Chers pèlerins de Fatima!

Je désire à présent adresser un salut particulier aux nombreux malades ici présents. A travers celui-ci j'entends également embrasser ceux qui, dans leurs maisons et dans les hôpitaux, nous accompagnent spirituellement.

Le Pape vous salue avec une vive affection, très chers malades, en vous assurant d'un souvenir particulier dans la prière, pour vous et pour les personnes qui sont à vos côtés. Je dépose les désirs et les requêtes de chacun auprès de l'Autel où Jésus intercède sans cesse et se sacrifie pour l'humanité.

Je suis venu aujourd'hui parmi vous comme témoin de Jésus ressuscité. Lui sait ce que signifie souffrir; il a vécu les angoisses de la mort; cependant, par sa mort il a tué la mort elle-même, étant le premier être humain, en absolu, qui s'est libéré définitivement de ses chaînes. Il a accompli tout l'itinéraire de l'homme jusqu'à la patrie du Ciel, où il a préparé un trône de gloire pour chacun de nous.

Très cher frère malade!

Si quelqu'un ou quelque chose te fais penser d'être arrivé au terme de ta vie, ne le croit pas! Si tu connais l'Amour éternel qui t'a créé, tu sais également qu'en toi il y a une âme immortelle.
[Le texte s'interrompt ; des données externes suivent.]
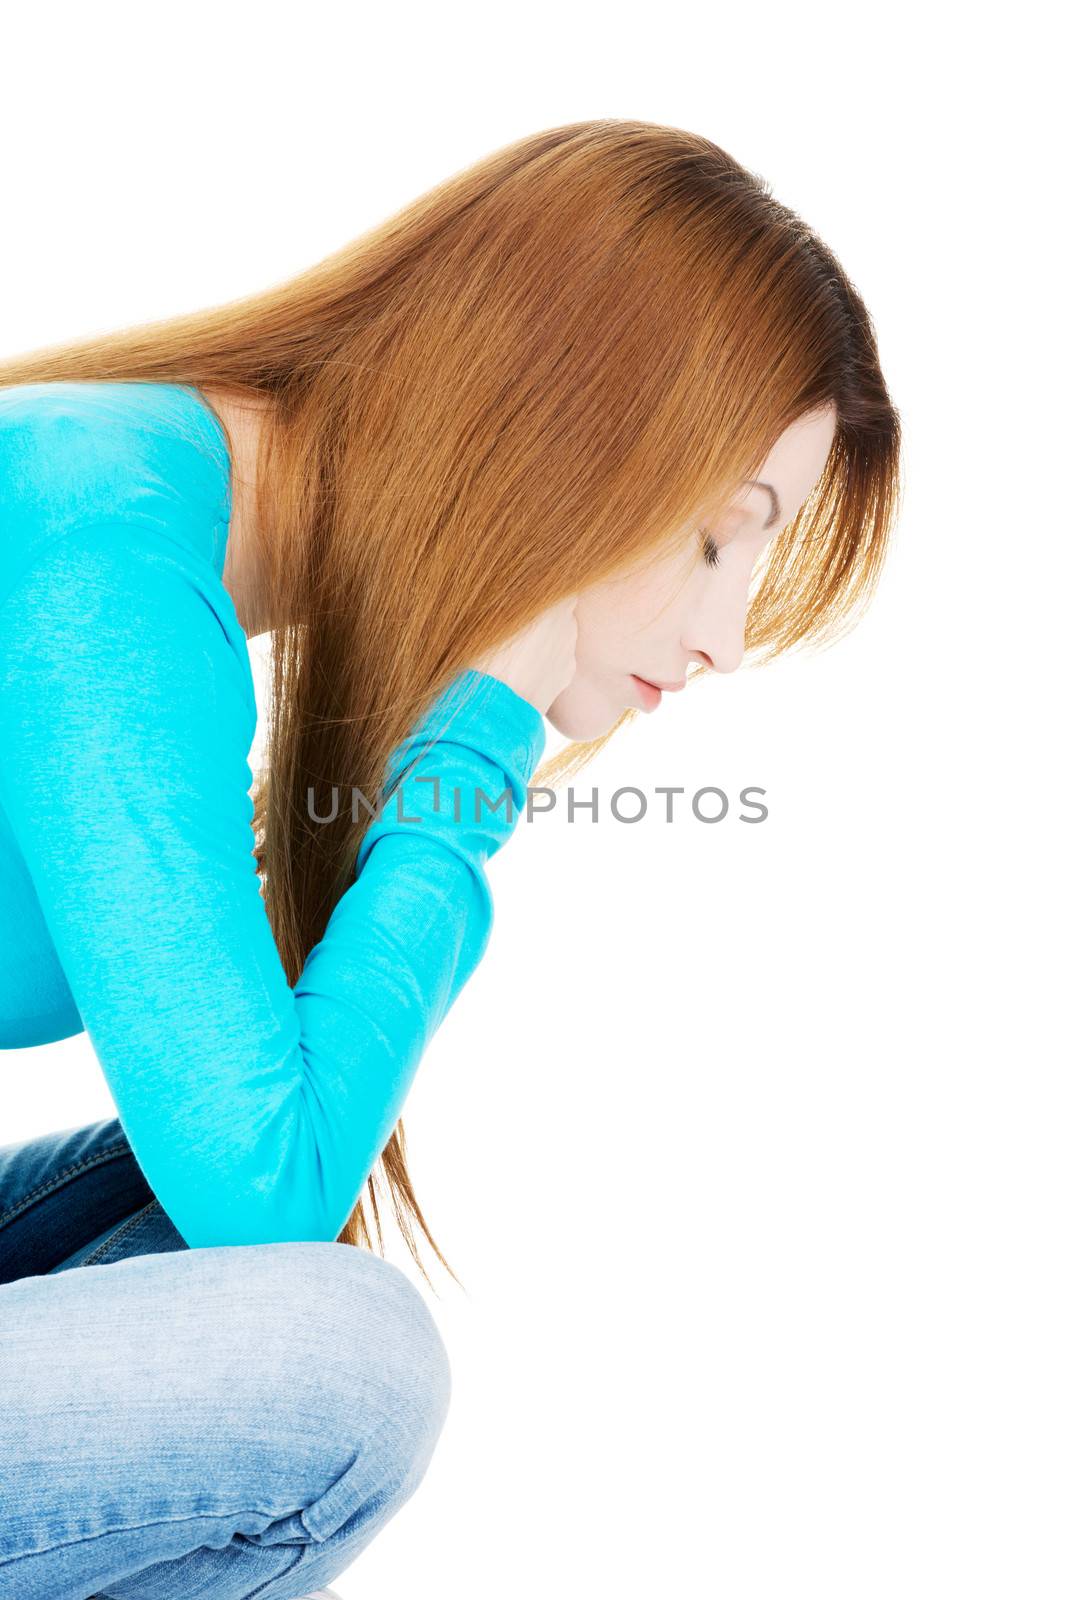 Sad depressed woman portrait by BDS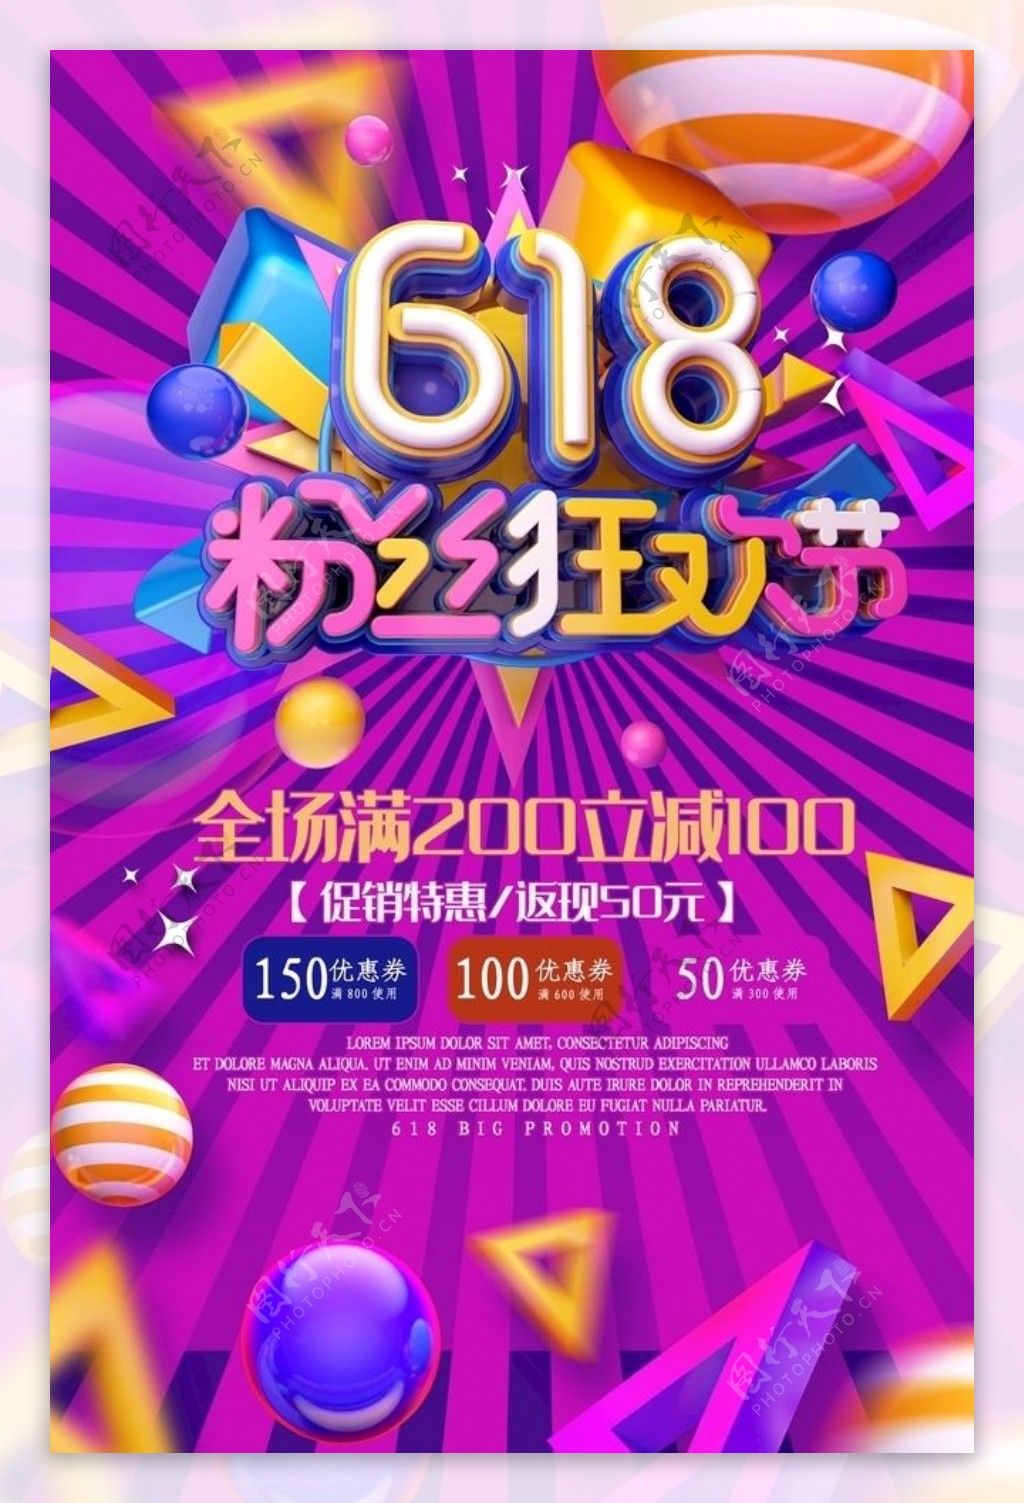 618粉丝狂欢节促销海报

Au cours de la vie, il existe diverses saisons; si par hasard tu sens l'hiver arriver, je veux que tu saches que ce n'est pas la dernière saison, car la dernière sera le printemps:  le printemps de la résurrection.

La totalité de ta vie s'étend de façon infinie, au-delà de ses frontières terrestres:  le Ciel est prévu.
Très chers malades! Je sais que "les souffrances du temps présent ne sont pas à comparer à la gloire qui doit se révéler en nous" (Rm 8, 18). Courage! En cette Année Sainte, l'abondance de la grâce du Père se déverse sur celui qui sait l'accueillir avec l'âme simple et confiante d'un enfant. Jésus nous l'a répété dans le passage évangélique qui vient d'être proclamé. Sachez également, chers malades, prendre place parmi ces "petits" afin que Jésus puisse se complaire en vous. D'ici peu, il s'approchera de vous pour vous bénir en personne dans le Très Saint Sacrement. Il vient à vous avec la promesse suivante:  "Voici, je fais l'univers nouveau" (Ap 21, 5). Ayez confiance! Abandonnez-vous à ses mains providentielles, comme l'ont fait les pastoureaux François et Jacinthe. Ils vous disent que vous n'êtes pas seuls. Le Père céleste vous aime.